As we left Ulaanbaatar behind the sun rose over the snow covered peaks of the national park and the new high rise buildings were soon replaced by villages of yurts with smoke rising from their chimneys.  The train could not have been further removed from our previous experience of Chinese trains and was the most modern and comfortable leg of our journey with limited spitting and a cleaner coal burner.  The mountains soon disappeared to be replaced by a relentless plain that was only broken by the occasional modern mine that contrasted wonderfully with the traditional yurts of the workers that surrounded it.  The only other buildings we saw were small domestic train stations although quite who they were serving was a mystery to us and probably the one attendant that dutifully stood outside each one waving as our train passed them by. 
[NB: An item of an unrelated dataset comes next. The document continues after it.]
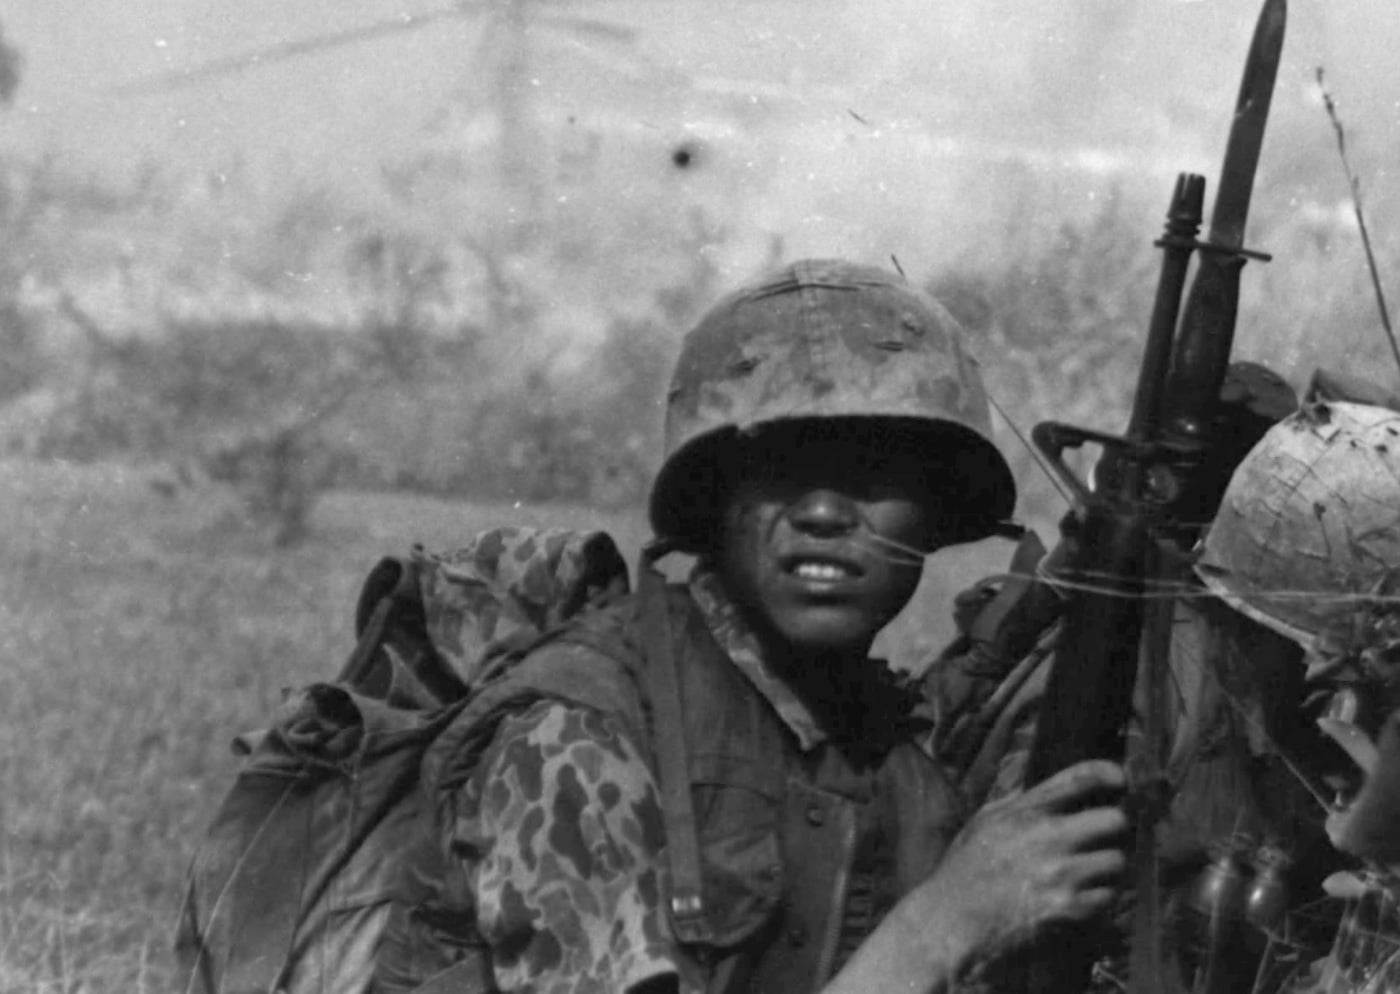 This photo shows a South Korea Marine of the Blue Dragons with a M16 rifle, bayonet, helmet and camouflage uniform. He is taking cover behind a hedgerow while waiting on an order from his sergeant to start the search and destroy mission looking for Viet Cong communists in South Vietnam.
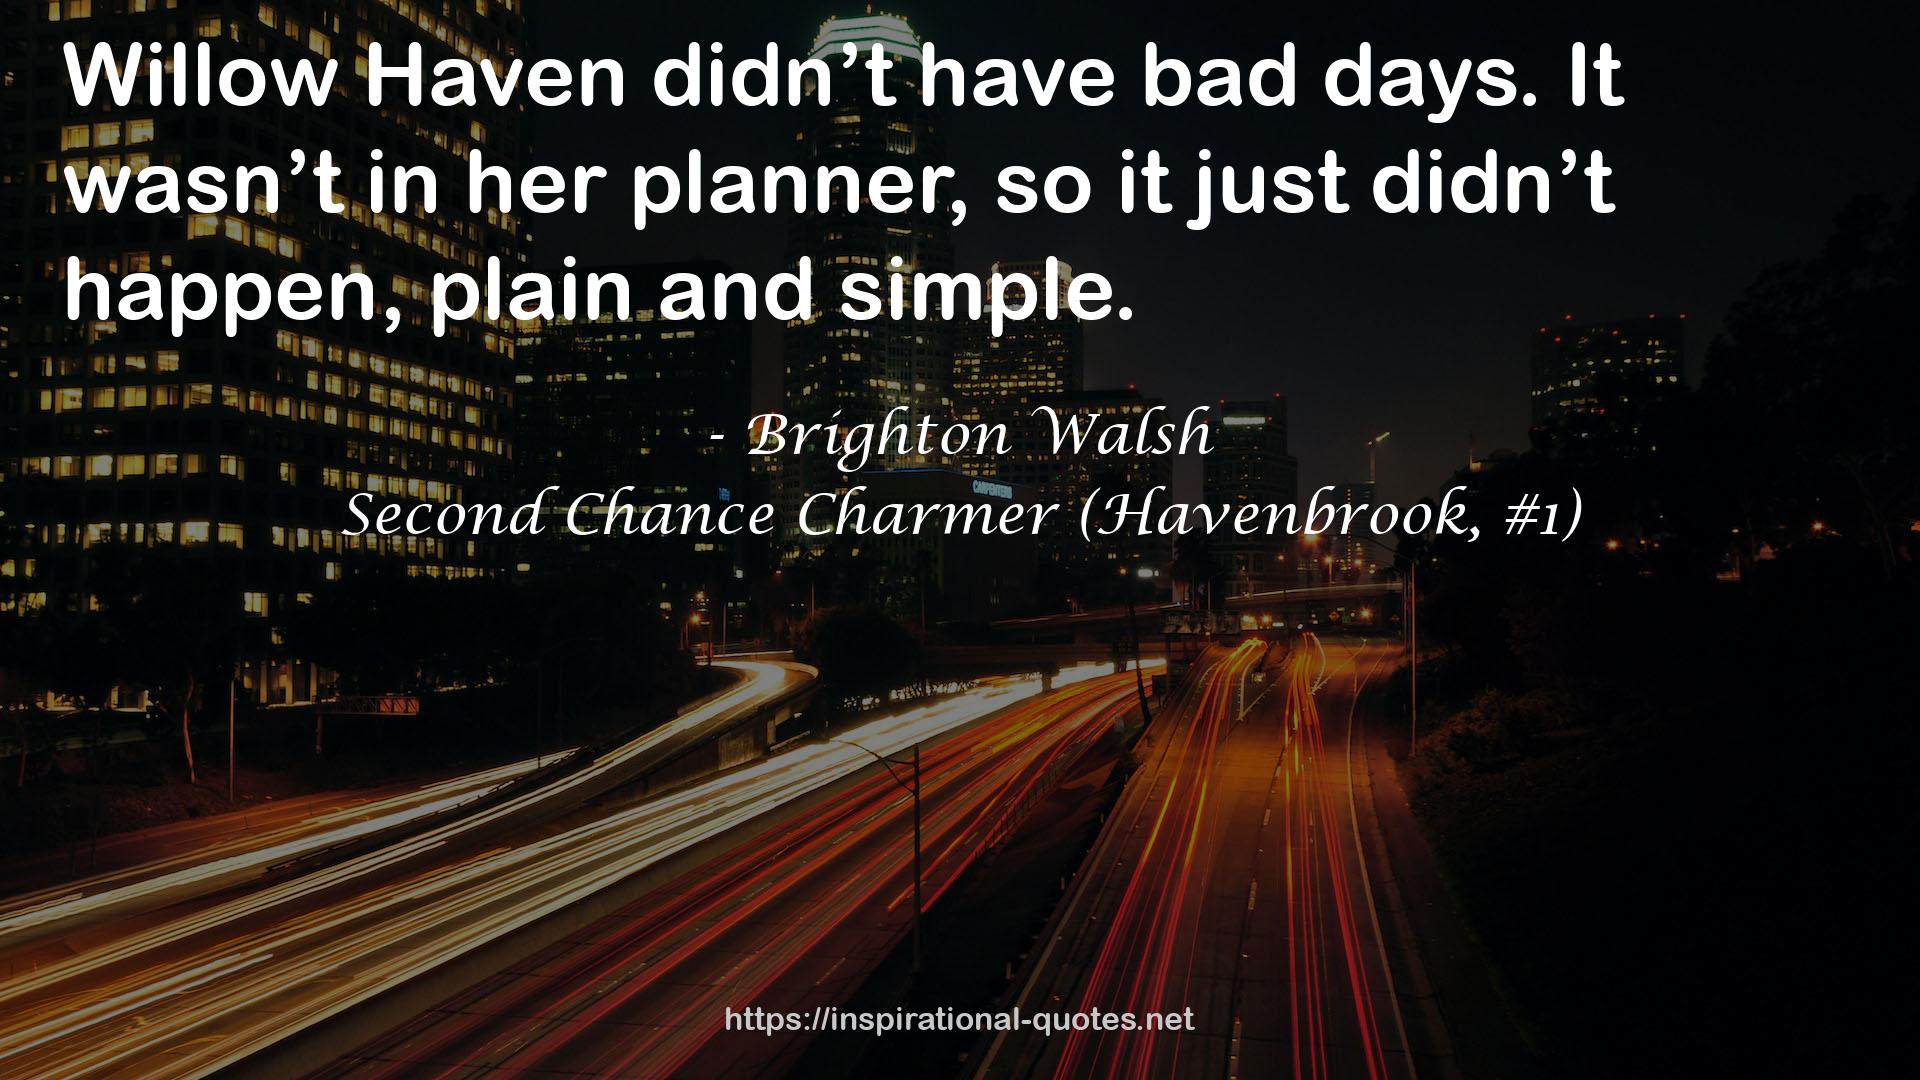 Second Chance Charmer (Havenbrook, #1) QUOTES

The time passed quickly as Hannah sat poised at the window all day like David Attenbourgh, hoping to photograph some of the amazing wildlife we passed on the train.  Groups of the incredible vultures we had previously seen lined the tracks, feeding on the frozen solid remains of one of the hundreds of Gazelle.  In the afternoon the scenery changed from the flat snow covered plains into the Gobi Desert and the ground was now a scene of frozen muddy sand with just the occasional Yurt to be seen.  We saw a pack of wolves stalking one of the herds and groups of semi-wild camels seemed to appear like a mirage in the barren desert.  The journey was punctuated by ‘oh shit, I missed it again’ from the young Attenbourgh but after hundreds of deleted photos and a little editing we had managed to photograph most of the wildlife we saw.  As sunset fell we arrived at the border for what proved to be a four hour ordeal as the entire train had to be lifted up and the wheels replaced on each carriage to fit the Chinese rails.  After being thrown around until 2 am by this ordeal (why not just swap trains??) we eventually set off into China.


Waking up I thought we had entered the set of World War Z as huge abandoned factories and tower blocks with smashed windows and crumbling concrete walls flanked either side of the train.  As it turned out it was a standard Chinese city!  Thankfully we soon left and enjoyed a spectacular three hours of Chinese countryside as we hugged a cliff face and travelled through beautiful red rock mountains and past huge frozen lakes.  Unfortunately this was not to last long as we soon entered the suburbs of Beijing which, on first appearance looked like a foretelling of the apocalypse.  Giant smoking chimneys pumped plumes of black smoke into the sky.  Surrounding these were row upon row of depressing high rise buildings that stretched in all directions as far as the eye could see.  The rate of expansion in the city is incredible and has to be seen to be believed.  Cranes dominated the murky blue skyline constructing more and more blocks of flats, shopping centres and offices as we travelled into the central station.  Leaving the station behind we were hit with crowds of shouting people pushing and shoving whilst armed guards raised on plinths oversaw the chaos below them.  The magnificent Chinese symbols flashed from every shop sign and left us disorientated and bemused as we scanned the chaos for something that resembled an underground.  Eventually we managed to find the subway and buying a travel card we headed off into the city, trying to avoid the balls of phlegm flying in all directions!